The same tendencies as for zero cm elevation above the floor as presented above appear from the results shown in TABLE 2.

(3) Summary of results shown in TABLE 1 and TABLE 2 above

A summary of mean values of sound absorption coefficients is given below in TABLE 3:

TABLE 3. Mean values for sound absorption coefficients for 0 and 100 mm elevation of absorbers (slats) above the floor.

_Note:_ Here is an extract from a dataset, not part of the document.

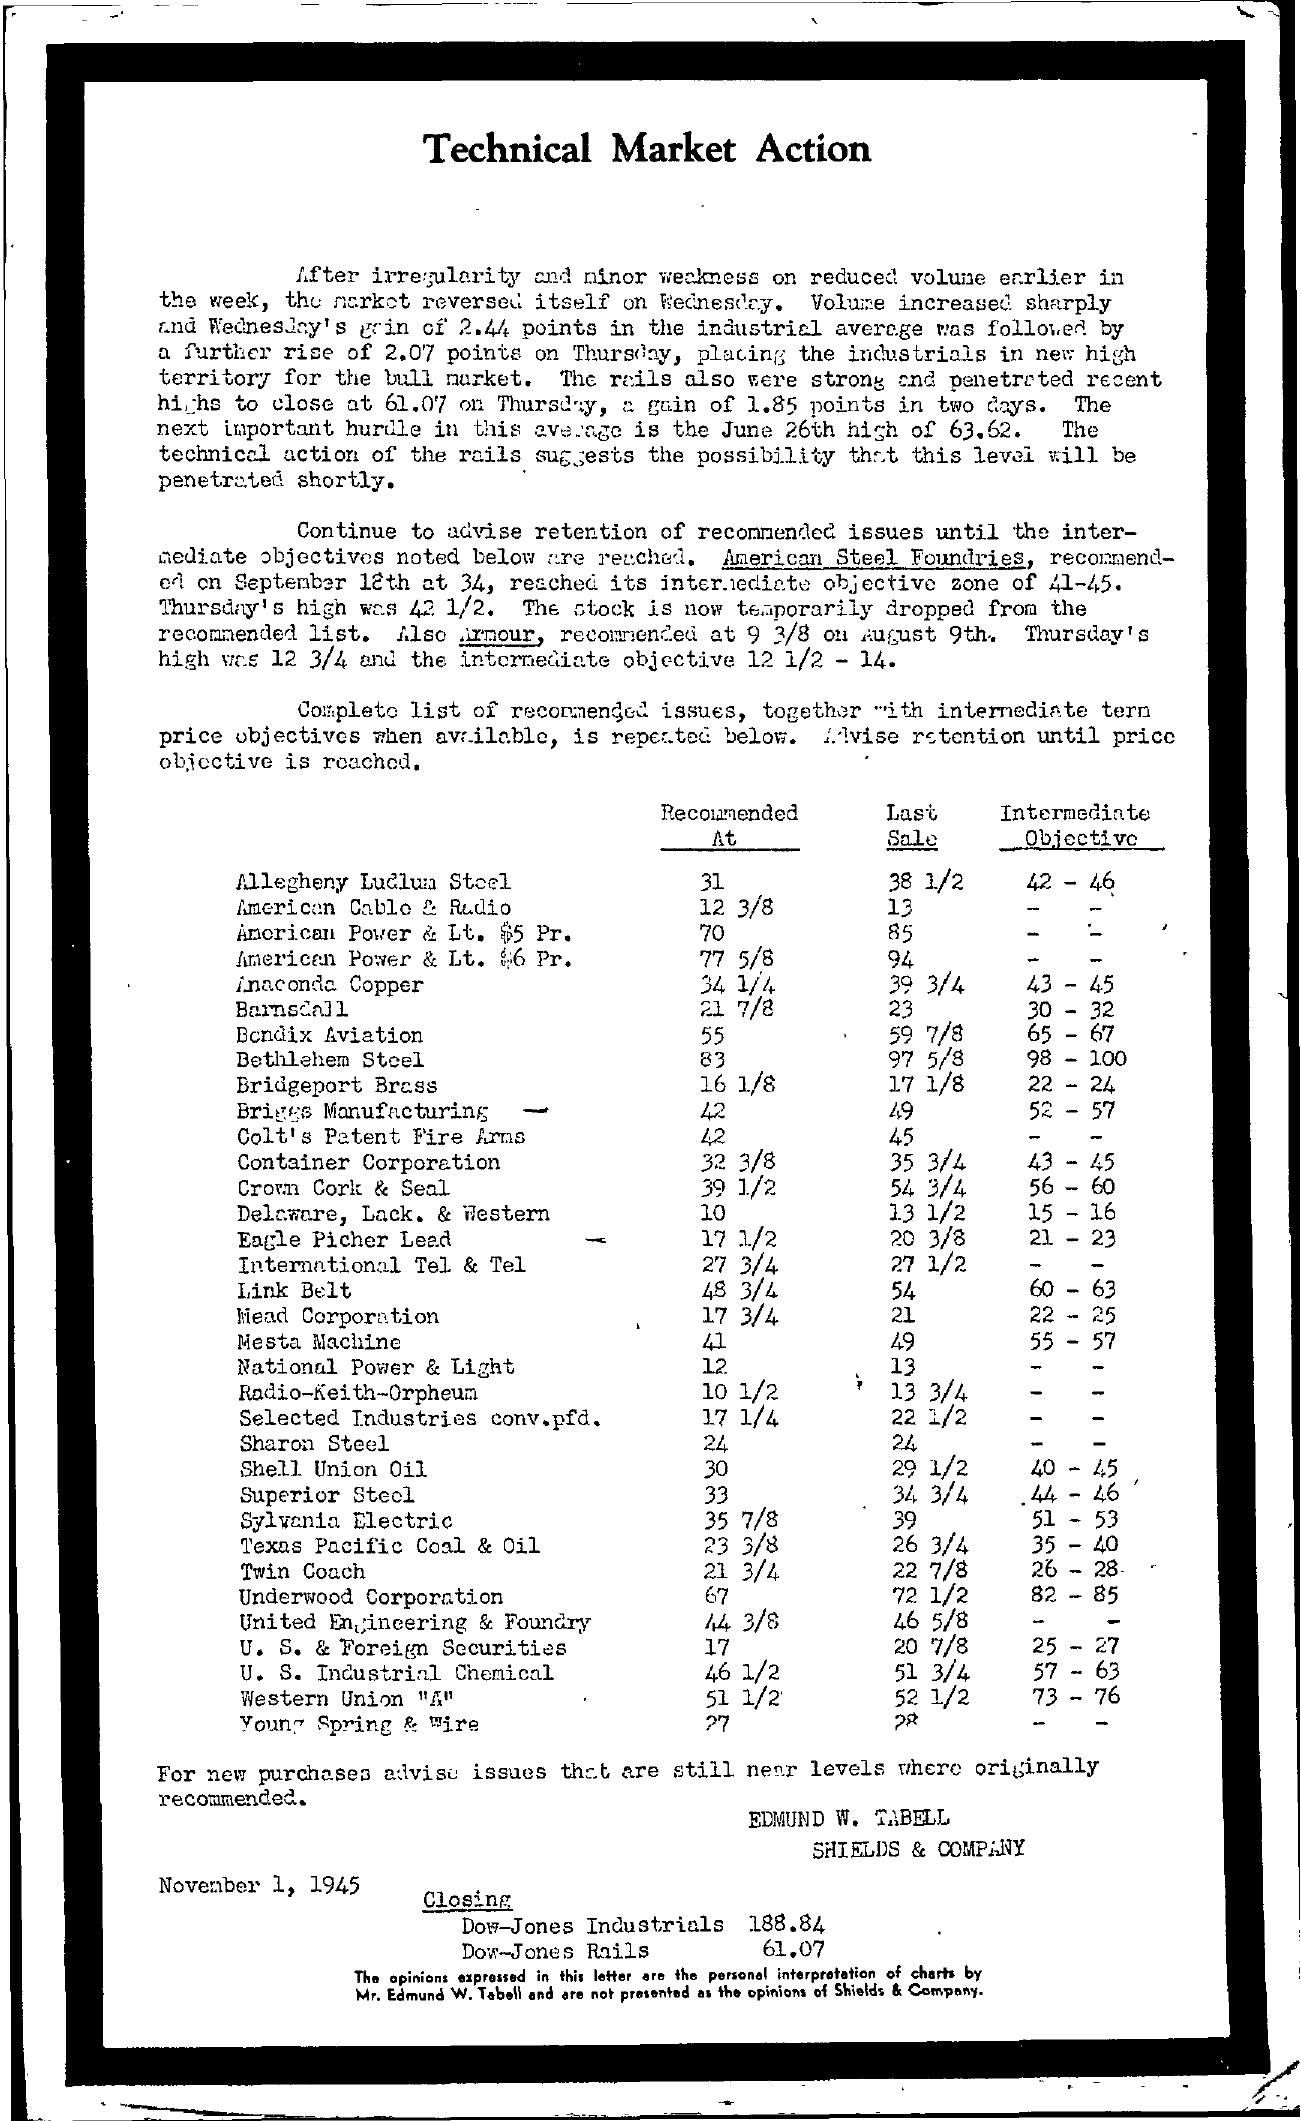 Tabell's Market Letter - November 01, 1945

Mean_10cm 0,5-4K	0,40	0,36	0,31	0,27	0,57	0,56	0,53	0,49	0,66	0,66	0,63	0,73
Mean 0 cm 0,5-AK	0,24	0,23	0,20	0,18	0,36	0,36	0,34	0,32	0,44	0,44	0,42	0,49
% gevinst for 10cm	63	59	54	52	57	54	54	51	50	50	49	47

In the lower row of the table is stated how many percentage the absorption of the mineral wool is increased, when the absorber is elevated 100 mm above floor level. A considerable percentage increase (approximately 50%) is observed, even with this type of batt, which is not designed specifically for this purpose.
Referring to figures 2, 3 and 4, these figures show plots corresponding to the experimental results given in the above tables.
The overall conclusion is thus that the use of the acoustic effect of the side faces (edge portions) of the absorbers (slats) is advantageous in such panels and can be used for providing panels with the desired combination of acoustic absorption and thermal transparency.
Furthermore, a considerable percentage increase of sound absorption (approximately 50%) is obtained with only 100 mm distance between the panel and the wall (even with the type of batts used in the present investigation that may not be optimal for this purpose).

Claims

A panel comprising a substantially rigid frame (1), a front face (11) and a rear face (12), one or more sound-absorbing elements and sub-regions (8) that acoustically connect the front face (11) of the panel with the rear face (12) of the panel, and in which sub-regions (8) sound-absorbing elements are not present, whereby said sub-regions (8) ensure thermal transmission through the panel, the panel comprising brackets (3) that together with frame portions provide receptacles for said sound-absorbing elements characterized in that said brackets (3) comprise a central portion (6) provided with apertures (14) for providing access of a sound field to side faces of the sound-absorbing elements.
A panel according to claim 1, wherein said substantially rigid frame (1) defines a region within the frame, where the region is provided with one or more sound-absorbing elements comprising a front face, a rear face and a plurality of side faces, arranged in said frame in such a manner that at least some of said side faces are exposed to a sound field in the surroundings, in which said panel is placed.
A panel according to claim 1 or 2, wherein said sound-absorbing elements are substantially box-shaped.
A panel according to claim 1, wherein the dimensions of said sound-absorbing elements are chosen according to the lowest frequency at which substantial sound absorption shall take place.
A panel according to any of the preceding claims, wherein said frame is furthermore provided with a sheet of flexible material (10) suspended over the front (11) of the region defined by the frame (1).
A panel according to claim 1, wherein said central portions (6) are made of a material providing acoustic access of a sound field to side faces (6) of the sound-absorbing elements.
A panel according to claim 1, wherein said material is a mesh or a fabric.